Problem to work on: Filter the listing and keep only the lines with the word "concept".

Given records:
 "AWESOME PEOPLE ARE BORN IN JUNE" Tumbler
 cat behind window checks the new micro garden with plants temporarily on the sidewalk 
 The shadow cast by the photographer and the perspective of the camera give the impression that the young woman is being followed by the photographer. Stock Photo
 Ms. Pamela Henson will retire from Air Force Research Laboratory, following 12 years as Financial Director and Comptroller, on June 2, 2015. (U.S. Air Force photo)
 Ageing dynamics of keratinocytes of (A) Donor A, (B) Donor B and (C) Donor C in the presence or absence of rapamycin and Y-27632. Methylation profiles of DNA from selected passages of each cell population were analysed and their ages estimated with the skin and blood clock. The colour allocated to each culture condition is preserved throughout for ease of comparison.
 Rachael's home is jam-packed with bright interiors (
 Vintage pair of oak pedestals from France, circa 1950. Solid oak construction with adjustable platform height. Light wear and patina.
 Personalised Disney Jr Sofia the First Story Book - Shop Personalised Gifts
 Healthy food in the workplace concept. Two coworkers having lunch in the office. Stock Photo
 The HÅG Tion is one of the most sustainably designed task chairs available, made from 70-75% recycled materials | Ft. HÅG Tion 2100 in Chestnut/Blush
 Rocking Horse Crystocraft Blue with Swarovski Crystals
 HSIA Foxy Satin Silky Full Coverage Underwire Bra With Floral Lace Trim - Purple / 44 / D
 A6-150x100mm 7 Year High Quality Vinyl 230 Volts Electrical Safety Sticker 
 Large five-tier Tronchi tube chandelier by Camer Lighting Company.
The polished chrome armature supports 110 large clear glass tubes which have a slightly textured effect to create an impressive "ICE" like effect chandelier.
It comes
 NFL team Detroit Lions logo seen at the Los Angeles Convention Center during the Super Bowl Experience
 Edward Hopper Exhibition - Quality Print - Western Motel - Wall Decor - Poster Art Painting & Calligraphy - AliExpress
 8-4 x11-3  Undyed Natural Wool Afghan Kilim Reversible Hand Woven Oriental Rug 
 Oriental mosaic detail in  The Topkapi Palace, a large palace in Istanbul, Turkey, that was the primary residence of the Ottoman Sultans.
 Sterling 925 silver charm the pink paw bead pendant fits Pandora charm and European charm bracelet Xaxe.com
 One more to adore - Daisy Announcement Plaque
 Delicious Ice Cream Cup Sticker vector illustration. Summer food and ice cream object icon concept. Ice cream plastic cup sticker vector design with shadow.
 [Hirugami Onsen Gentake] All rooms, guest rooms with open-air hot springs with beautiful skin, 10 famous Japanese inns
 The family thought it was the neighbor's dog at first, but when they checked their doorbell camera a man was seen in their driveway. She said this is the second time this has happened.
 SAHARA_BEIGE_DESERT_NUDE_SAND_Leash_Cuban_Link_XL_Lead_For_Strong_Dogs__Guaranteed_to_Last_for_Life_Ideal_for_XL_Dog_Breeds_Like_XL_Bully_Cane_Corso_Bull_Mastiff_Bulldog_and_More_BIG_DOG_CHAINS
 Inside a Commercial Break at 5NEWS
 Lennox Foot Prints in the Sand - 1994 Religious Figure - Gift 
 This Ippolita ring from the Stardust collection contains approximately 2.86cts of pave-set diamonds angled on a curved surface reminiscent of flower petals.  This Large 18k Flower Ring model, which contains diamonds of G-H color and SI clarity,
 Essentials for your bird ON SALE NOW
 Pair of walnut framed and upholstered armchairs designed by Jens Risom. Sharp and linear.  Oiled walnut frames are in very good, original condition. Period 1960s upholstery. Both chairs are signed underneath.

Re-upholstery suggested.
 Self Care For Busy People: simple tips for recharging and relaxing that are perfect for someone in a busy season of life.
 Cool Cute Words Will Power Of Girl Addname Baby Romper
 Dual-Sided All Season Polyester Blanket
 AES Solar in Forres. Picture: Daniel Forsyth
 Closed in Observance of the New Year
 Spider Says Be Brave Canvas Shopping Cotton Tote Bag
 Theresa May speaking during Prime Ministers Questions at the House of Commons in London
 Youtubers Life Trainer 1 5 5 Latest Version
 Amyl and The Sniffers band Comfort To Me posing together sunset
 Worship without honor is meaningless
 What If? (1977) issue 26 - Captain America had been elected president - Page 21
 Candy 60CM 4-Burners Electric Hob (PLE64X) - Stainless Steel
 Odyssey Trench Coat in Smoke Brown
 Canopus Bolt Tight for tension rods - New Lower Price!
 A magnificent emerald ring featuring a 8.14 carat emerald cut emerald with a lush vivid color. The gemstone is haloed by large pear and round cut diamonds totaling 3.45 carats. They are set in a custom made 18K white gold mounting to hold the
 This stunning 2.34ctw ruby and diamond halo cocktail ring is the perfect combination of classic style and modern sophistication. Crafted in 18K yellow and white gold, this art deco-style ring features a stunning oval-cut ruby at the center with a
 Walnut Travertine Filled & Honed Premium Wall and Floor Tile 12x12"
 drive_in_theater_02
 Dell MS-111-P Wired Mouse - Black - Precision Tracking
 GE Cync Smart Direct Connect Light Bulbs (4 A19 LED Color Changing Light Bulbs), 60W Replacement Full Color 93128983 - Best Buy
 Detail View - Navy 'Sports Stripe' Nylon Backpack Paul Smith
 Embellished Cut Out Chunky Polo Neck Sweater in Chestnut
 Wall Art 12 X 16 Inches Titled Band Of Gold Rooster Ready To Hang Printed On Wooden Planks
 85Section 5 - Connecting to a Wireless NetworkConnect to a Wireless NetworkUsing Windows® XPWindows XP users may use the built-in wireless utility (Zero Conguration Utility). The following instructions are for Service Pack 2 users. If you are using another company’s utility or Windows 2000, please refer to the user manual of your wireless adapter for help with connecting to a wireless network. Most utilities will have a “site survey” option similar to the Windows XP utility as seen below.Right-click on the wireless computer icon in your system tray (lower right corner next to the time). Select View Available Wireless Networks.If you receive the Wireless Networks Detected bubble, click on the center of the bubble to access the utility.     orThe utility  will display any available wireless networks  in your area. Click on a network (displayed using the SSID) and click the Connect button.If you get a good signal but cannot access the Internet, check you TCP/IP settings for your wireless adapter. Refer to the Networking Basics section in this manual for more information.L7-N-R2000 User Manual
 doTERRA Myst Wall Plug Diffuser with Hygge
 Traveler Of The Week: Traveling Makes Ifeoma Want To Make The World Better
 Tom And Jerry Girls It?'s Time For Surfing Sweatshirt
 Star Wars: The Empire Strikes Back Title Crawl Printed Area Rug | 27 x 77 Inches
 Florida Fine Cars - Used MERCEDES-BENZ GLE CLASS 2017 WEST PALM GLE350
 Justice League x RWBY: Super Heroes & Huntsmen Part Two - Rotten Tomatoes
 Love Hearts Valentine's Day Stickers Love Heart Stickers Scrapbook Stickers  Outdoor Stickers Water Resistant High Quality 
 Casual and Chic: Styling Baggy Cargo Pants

Written answer:
 Healthy food in the workplace concept. Two coworkers having lunch in the office. Stock Photo
 Delicious Ice Cream Cup Sticker vector illustration. Summer food and ice cream object icon concept. Ice cream plastic cup sticker vector design with shadow.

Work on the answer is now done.